=== Try it ===
Write out the data that follows exactly, keeping every picture out.

=== Supplied information ===
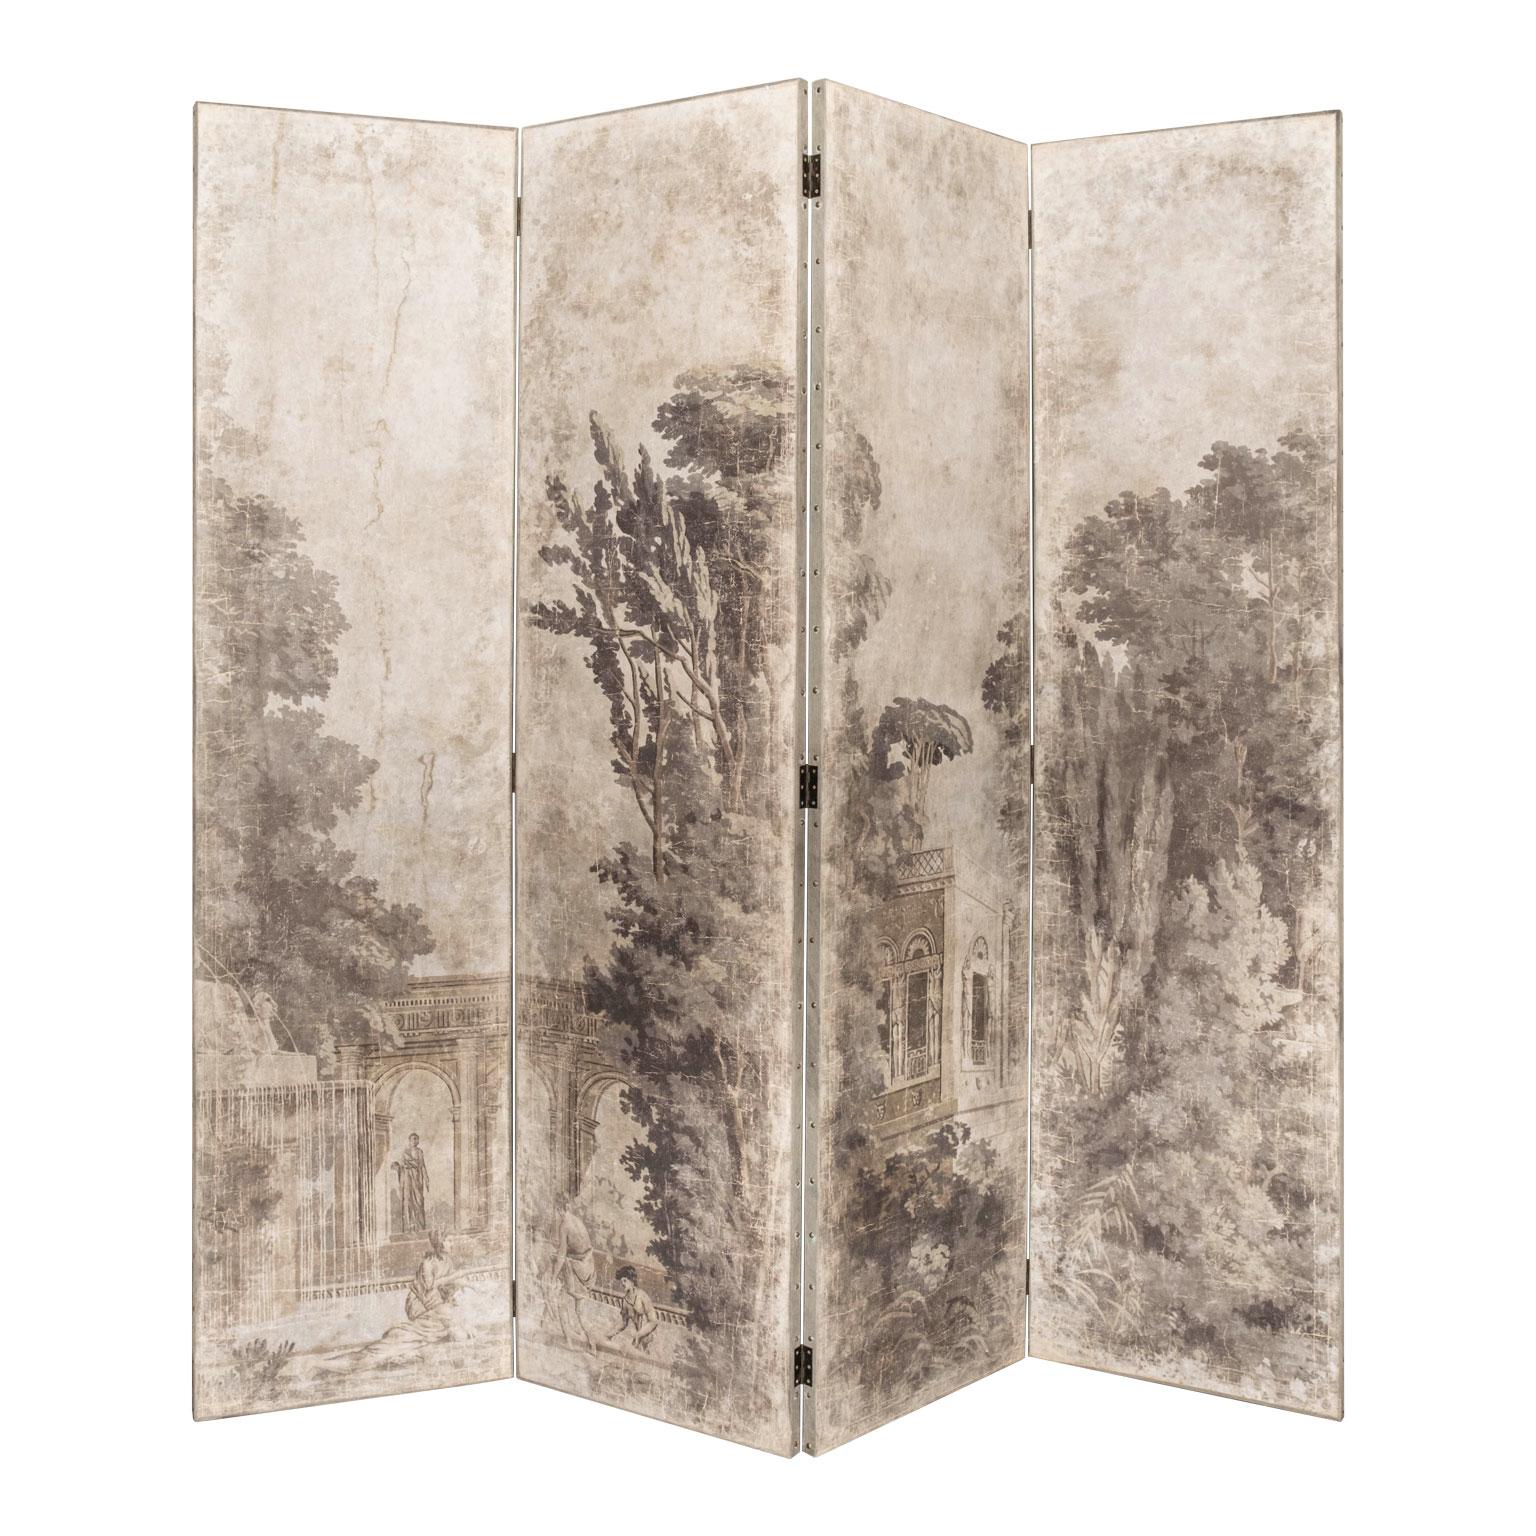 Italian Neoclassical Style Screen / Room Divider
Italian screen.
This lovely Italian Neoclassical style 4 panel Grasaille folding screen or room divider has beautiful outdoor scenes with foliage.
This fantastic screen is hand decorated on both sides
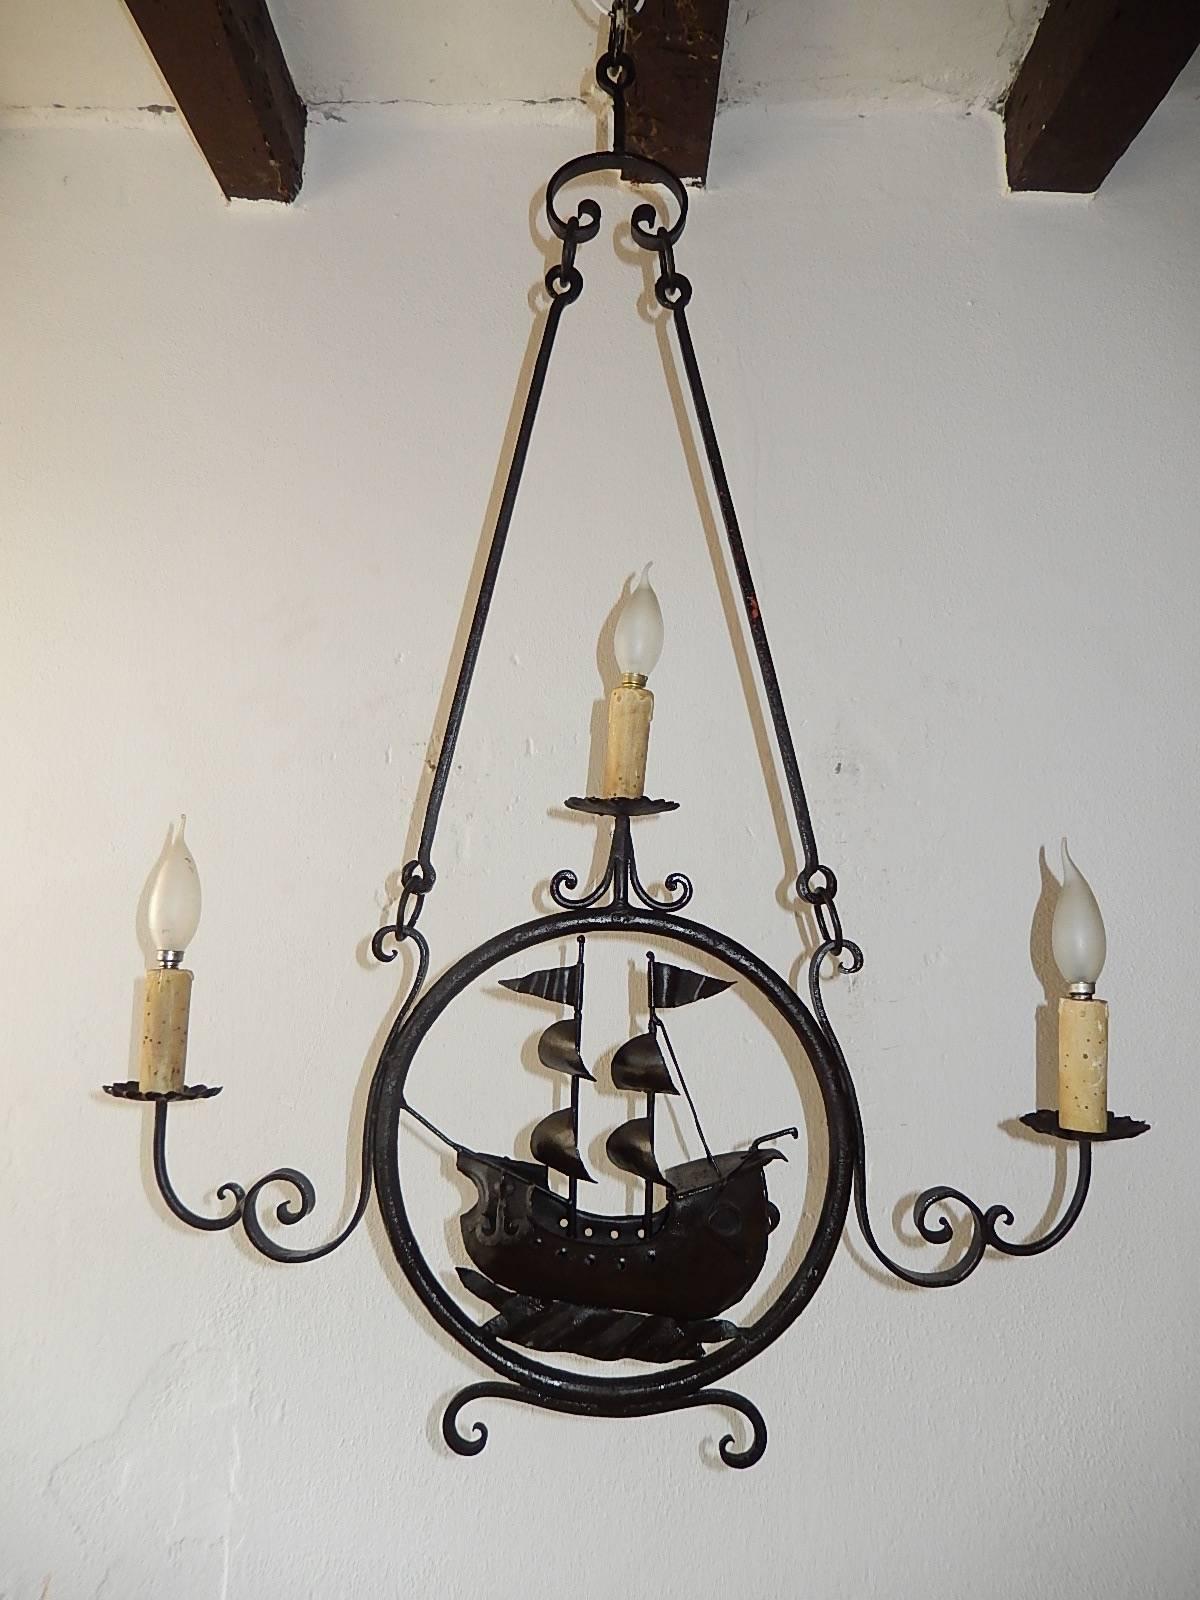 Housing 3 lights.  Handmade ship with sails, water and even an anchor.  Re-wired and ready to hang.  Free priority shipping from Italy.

=== Answer below ===
 Italian Neoclassical Style Screen / Room Divider
Italian screen.
This lovely Italian Neoclassical style 4 panel Grasaille folding screen or room divider has beautiful outdoor scenes with foliage.
This fantastic screen is hand decorated on both sides
 Housing 3 lights.  Handmade ship with sails, water and even an anchor.  Re-wired and ready to hang.  Free priority shipping from Italy.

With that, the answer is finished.